Refik had already been jailed once for kidnapping and endangering Alisa’s life. We believed prison might finally sever his grip on us, that steel bars could contain his violence. But even locked away, his shadow seeped into our days—an invisible presence that haunted every silence, every sudden knock at the door.


At that time, I was in Zagreb, waiting for an interview that could secure my move to the United States. Alisa remained with our parents, finally able to sleep without the nightly terror of a knife at her throat. For the first time in years, she tasted peace.


I took my son and came to my parents’ home while I waited. For a month, we lived together as if time had rewound to our childhood. My mother prepared breakfast and coffee each morning, her voice soft as she woke us.

We gathered around the table for hours, talking and laughing, forgetting the darkness that had scarred us.


The smell of fresh bread, the clink of cups, the rhythm of our laughter was the most beautiful month of my life.


When my husband arrived to take us back, I felt torn. I didn’t want to leave that cocoon of warmth, but his joy pulled me away.


That fragile peace shattered with the fourth kidnapping.

It carved into Alisa’s spirit in ways she would never recover from.


I remember the second kidnapping vividly—it happened from my own house.

The first and third blur in my memory, fragments are too painful to hold.


My mother tried to recount them, but I stopped her. The tremor in her voice was unbearable; I couldn’t let her reopen wounds that had barely begun to close.


Then Halid came.

“Our cousin.”


The man I had always suspected.

He arrived at the house with a chilling message. Alisa was to bring her son to Refik’s parents’ apartment. He claimed it was a judge’s order. Two hours of visitation. Supervised by police.


Trusting his words, Alisa entered the car with her child.

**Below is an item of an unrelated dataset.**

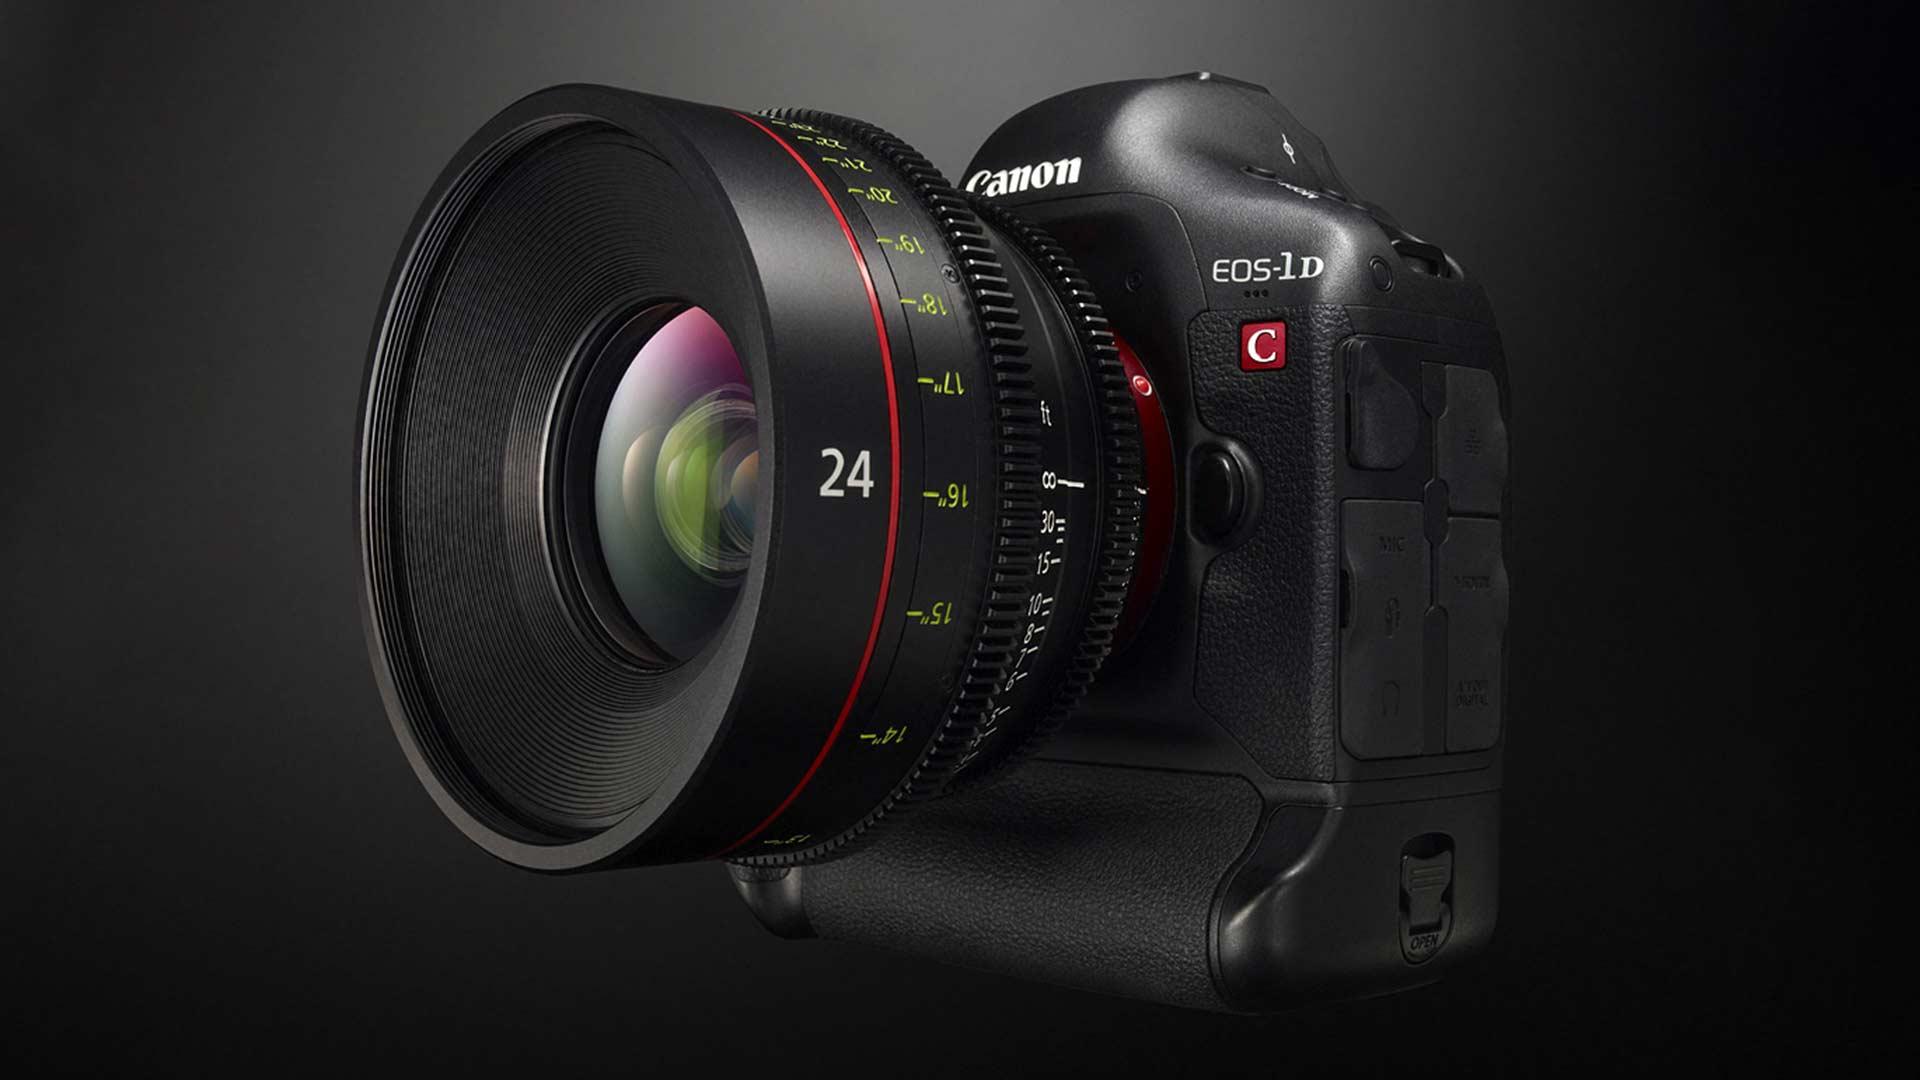 The Canon EOS 1D C. Image: Canon.

As they drove, Refik emerged from beneath a blanket in the back seat.


A knife pressed against her throat.


The betrayal was complete.


Halid drove them to the Mihaljevice cemetery. Among gravestones and silence, Refik shoved Alisa out of the car and struck her in the stomach. She collapsed, gasping for breath.


Halid closed the door and drove away with her son. The child was delivered to Refik’s parents. Later, Refik’s brother returned him to ours.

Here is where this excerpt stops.